Question – Compare and contrast the dualistic and holistic philosophies of health
Subject: Healthcare Philosophies: Dualistic and Holistic
Two distinctly different health/health care philosophies determine the scope of health/health beliefs and practices: dualistic and holistic.
Each of these philosophies espouses effective methods of maintaining, protecting, and restoring health/health, and the “battles for dominance” between the allopathic and homeopathic philosophies have been hard fought in this country over the past century. One manifestation of these struggles is an emerging preference for homeopathic or holistic, complementary, integrative, or alternative medicine among people from all walks of life. The dominant healthcare system in the United States is predicated on the allopathic (dualistic) philosophy. The word allopathy has two roots. One comes from the Greek meaning “other than disease” because medications are often prescribed on a basis that has no consistent or logical relationship to the symptoms. The second root of allopathy is derived from the German meaning “all therapies.” Allopathy is a “system of medicine that embraces all methods of proven, that is, empirical science and scientific methodology is used to prove the value in the treatment of diseases” (Weil, 1983, p. 17). After 1855, the American Medical Association (AMA) adopted the “all therapies” definition of allopathy and has exclusively determined who can practice medicine in the United States. For example, in the 1860s the AMA refused to admit women doctors to medical societies, practiced segregation, and demanded the purging of homeopaths. Allopaths continue to show little or limited tolerance or respect for other providers of healthcare, such as homeopaths, osteopaths, and chiropractors, and for such traditional healers as lay midwives, herbalists, and American Indian medicine men and women. The allopathic healthcare system, the modern healthcare system, is further discussed in Chapter 8. The Homeopathic (Holistic) Philosophy is the other healthcare philosophy in the United States. Developed between 1790 and 1810 by Samuel C. Hahnemann in Germany, homeopathic medicine is extremely popular in much of Europe and other parts of the world. It is becoming, once again, more popular in the United States.
Homeopathy, or homoeopathy, comes from the Greek words homoios (“similar”) and pathos (“suffering”). In the practice of homeopathy, the person, not the disease, is treated. This system has not been “tolerated” by the allopaths, yet it continues to thrive and is used by countless people. It espouses a holistic philosophy—that is, it sees health as a balance of the physical, mental, and spiritual whole. Homeopathic care encompasses a wide range of healthcare practices and is often referred to as “complementary medicine” or “alternative medicine.” Complementary, alternative, unconventional, or unorthodox therapies are medical practices that do not conform to the scientific standards set by the allopathic medical community; they are not taught widely in the medical and nursing communities and are not generally available in the allopathic healthcare system, including the hospital settings. These include such therapies as acupuncture, massage therapy, and chiropractic medicine. Presently, this situation is changing, and the use of services such as acupuncture is more widespread in modern healthcare settings. Table 5-3 demonstrates the health/health care choices, or pathways a person may follow when an illness occurs.
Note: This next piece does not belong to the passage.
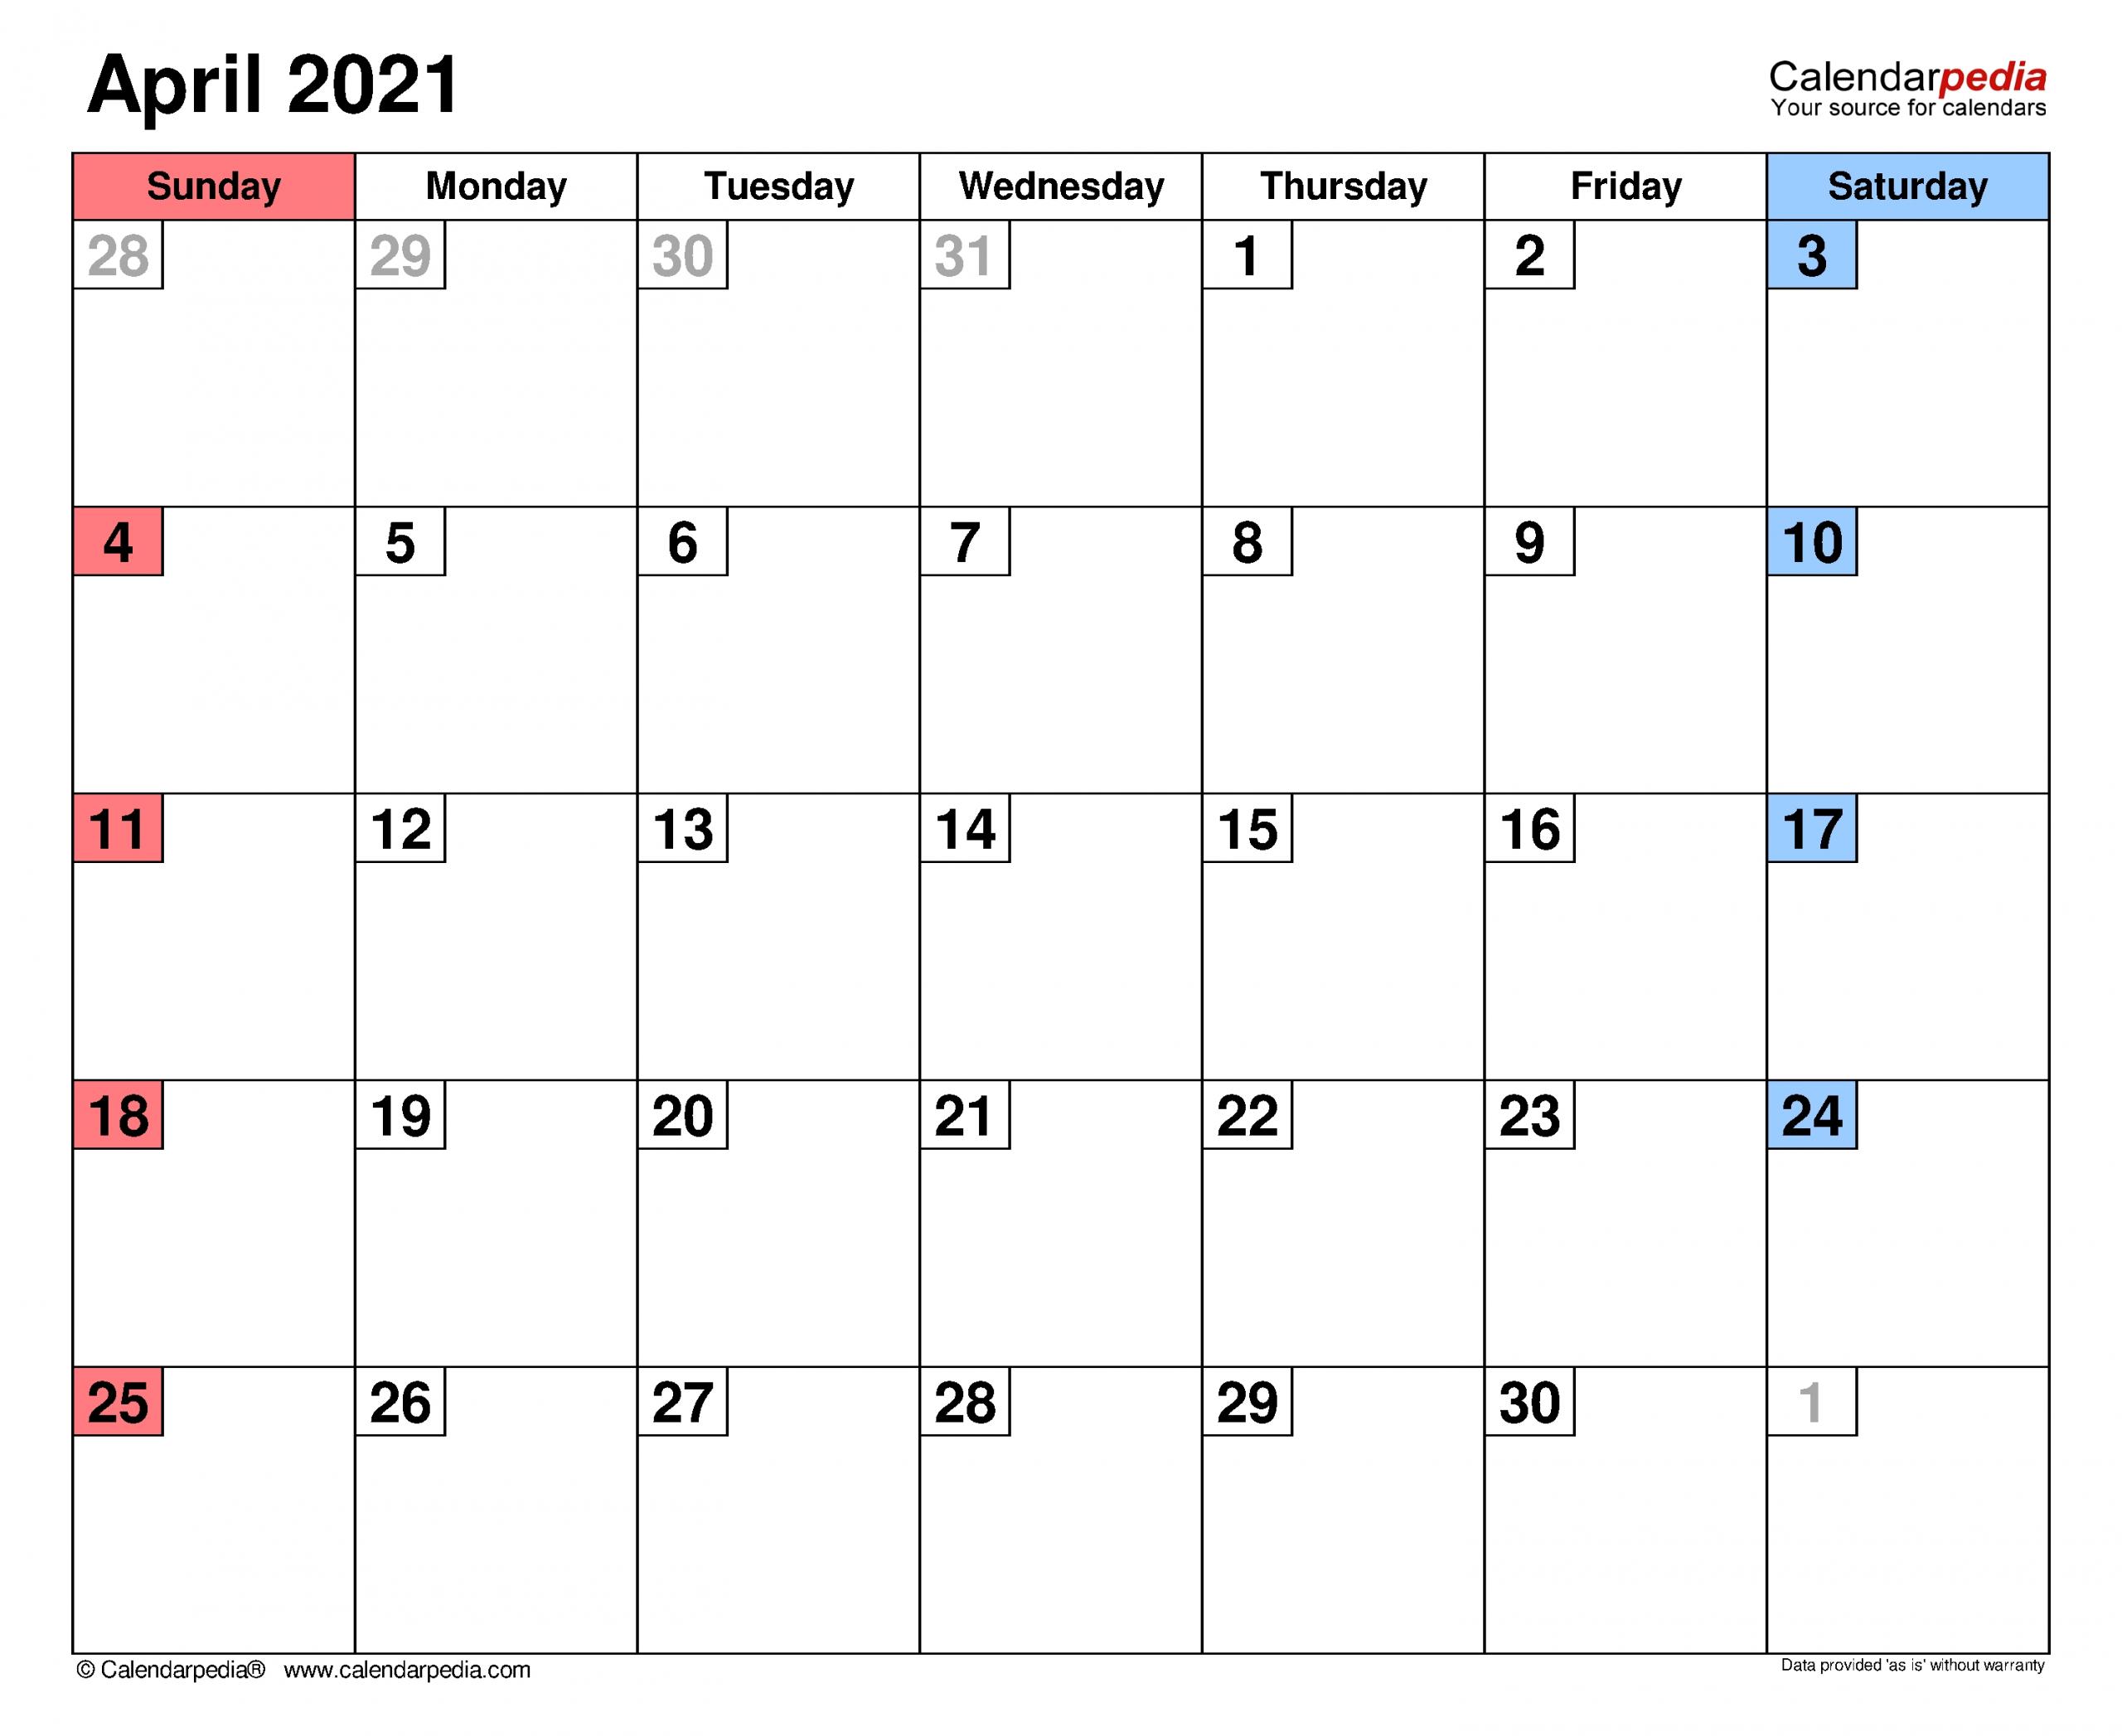 Get Calendar Of April 2021 School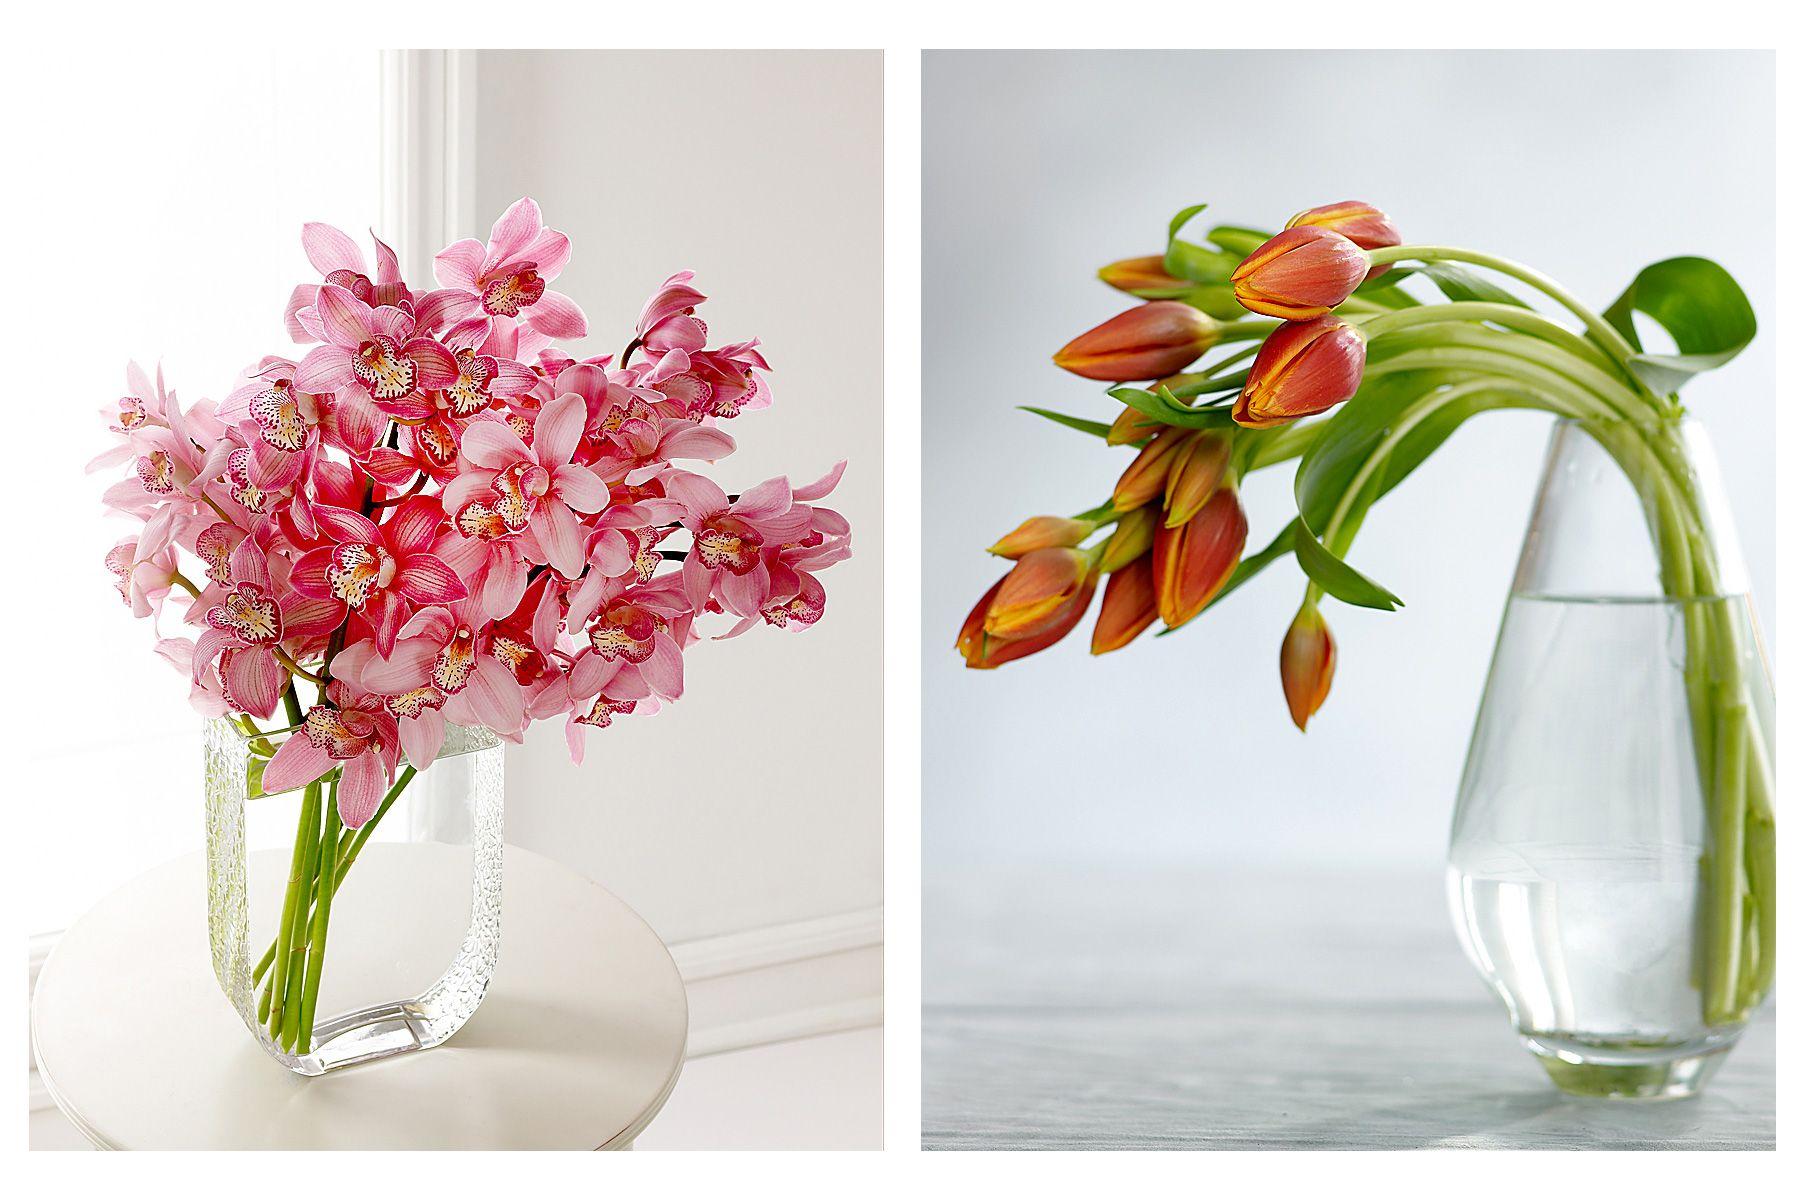 Flowers-#2--2-Images.jpg

The allopathic system comprises the conventional or familiar services within the dominant healthcare culture—acute care, chronic care, communtiy/public healthcare, psychiatric/mental health, rehabilitation, and so forth. Two types of care in the holistic system are classified as complementary. These break down again into two categories, either alternative or integrative, and traditional or ethnocultural. Modern or allopathic therapies were discussed in Chapter 4. Alternative, or integrative, therapies are those that are not a part of one’s ethnocultural or religious heritage, interventions neither taught widely in medical schools nor generally available in U.S. hospitals and other healthcare settings; traditional therapies are those that are part of one’s traditional ethnocultural or religious heritage. In other words, a European American electing to use acupuncture as a method of treatment is seeking alternative treatment; a Chinese American using this treatment modality is using traditional medicine derived from his or her heritage.